◆ Your objective ◆
Repeat the listing exactly. Any picture in it should be left out of the copy.

◆ Data provided ◆
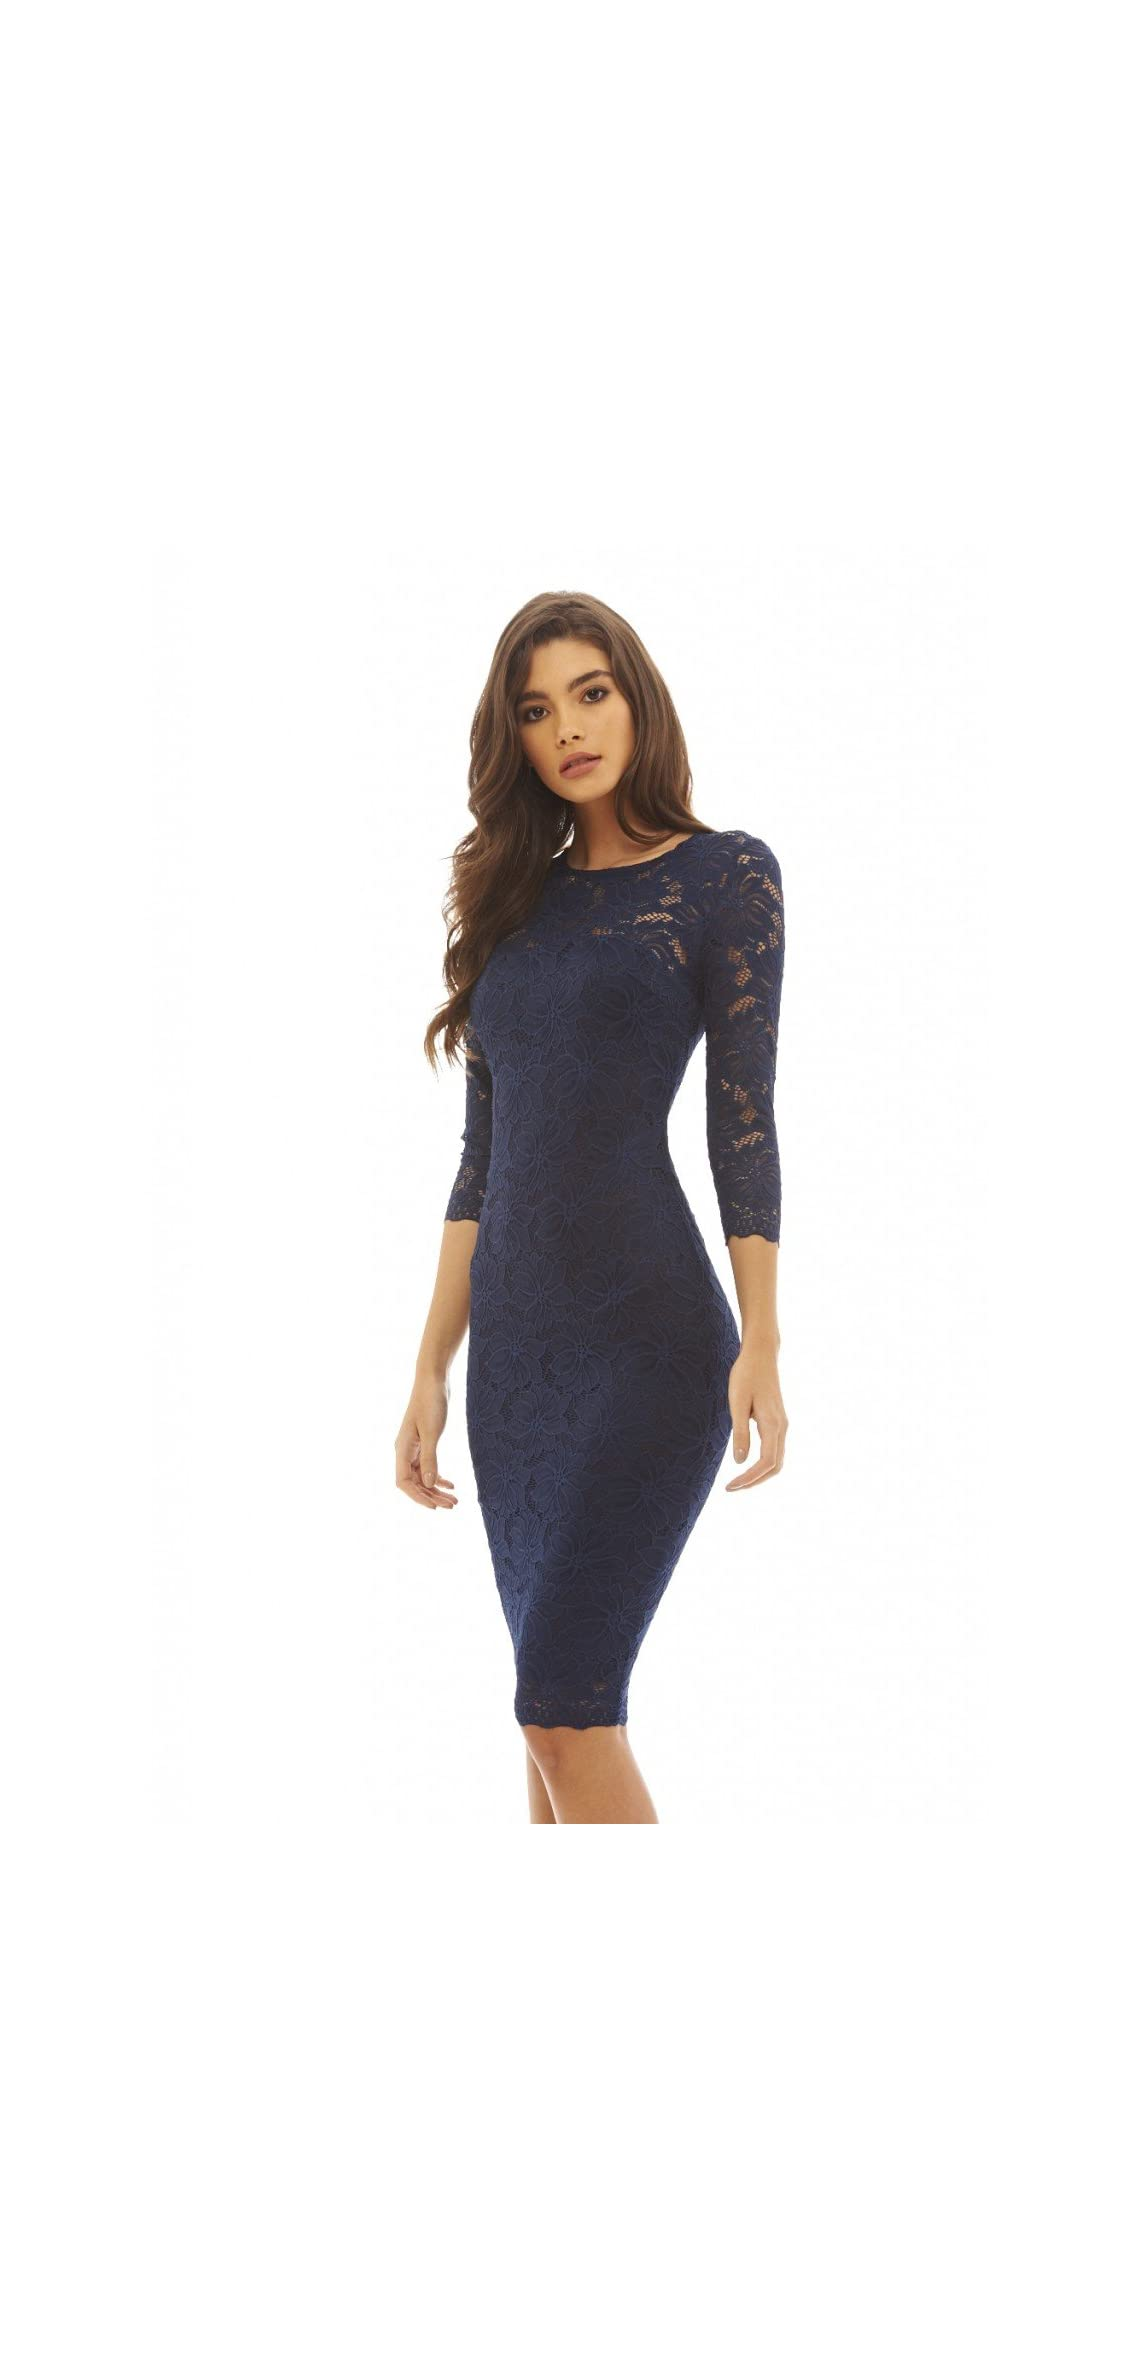 Ax Paris Women's / Sleeve Lace Bodycon
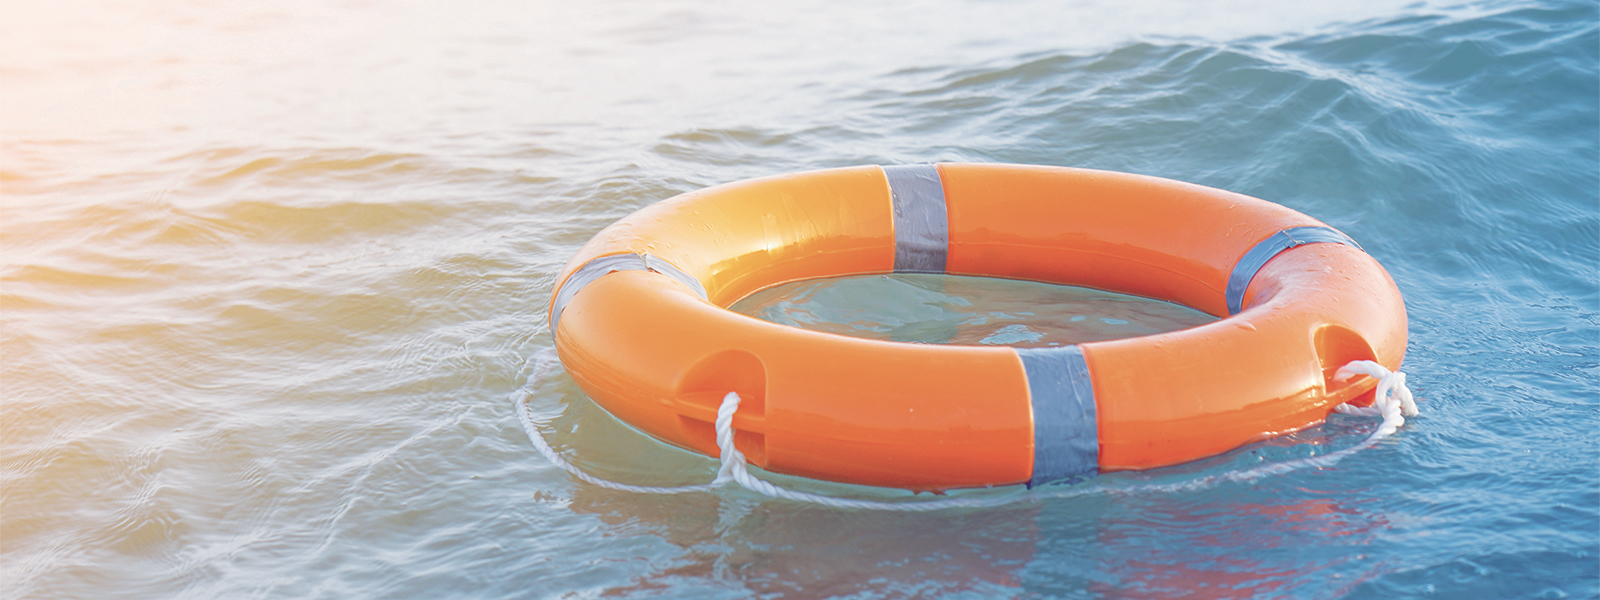 Symboldbild Rettungsring
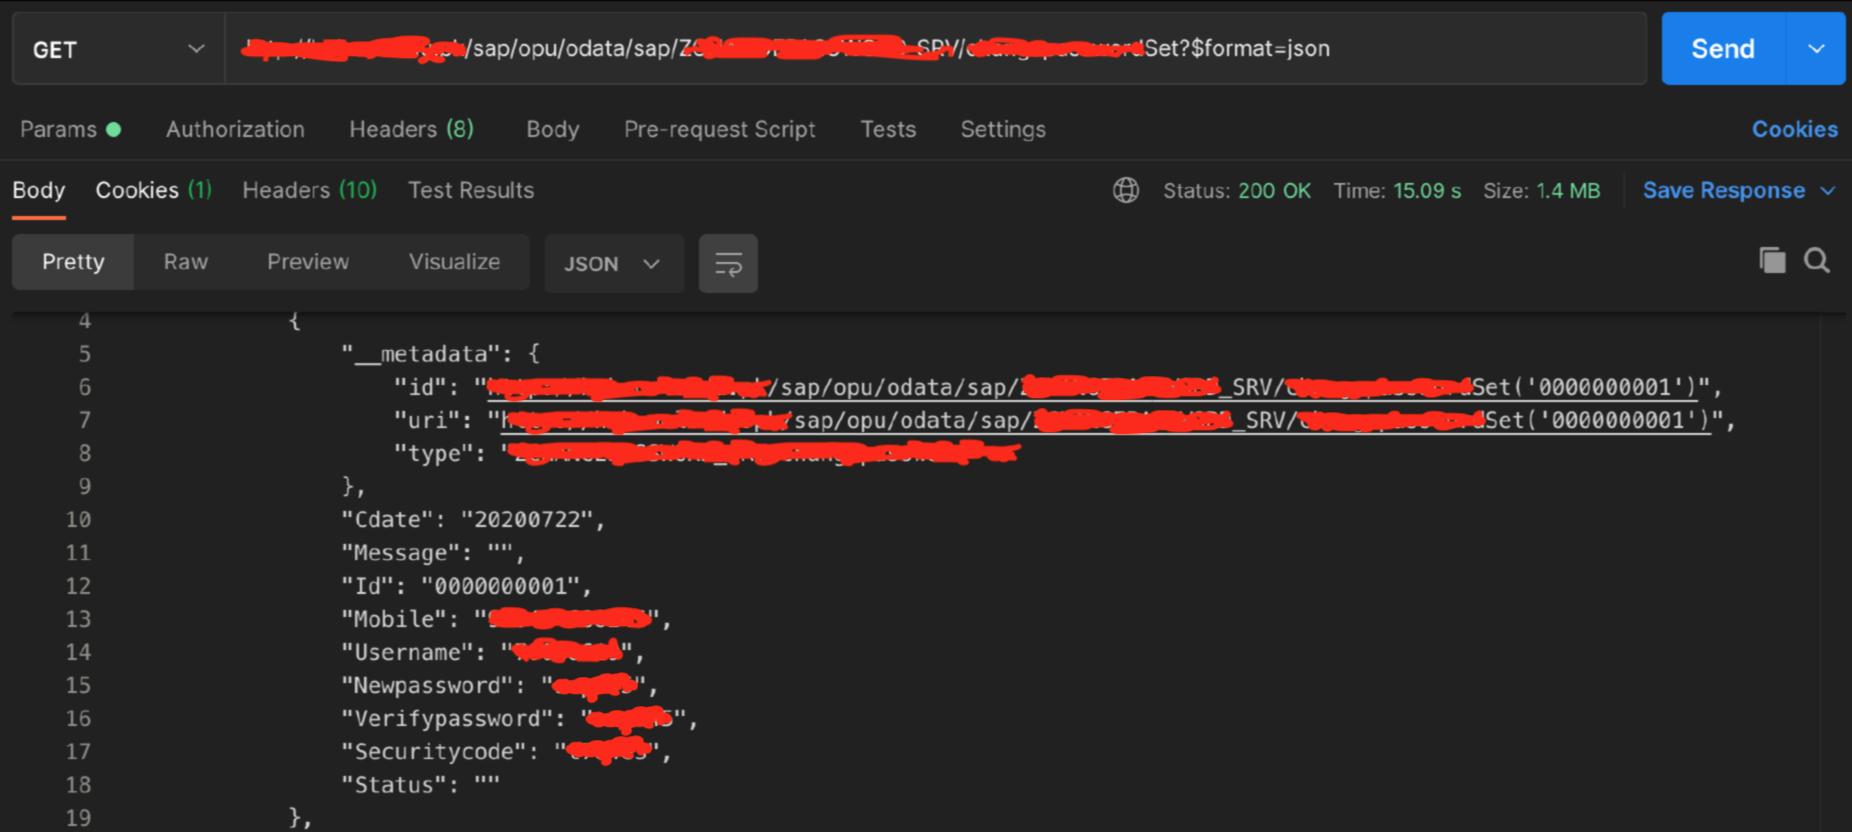 Exploitable%20service%20-%20List%20of%20User/Passwords

◆ Exercise answer ◆
 Ax Paris Women's / Sleeve Lace Bodycon
 Symboldbild Rettungsring
 Exploitable%20service%20-%20List%20of%20User/Passwords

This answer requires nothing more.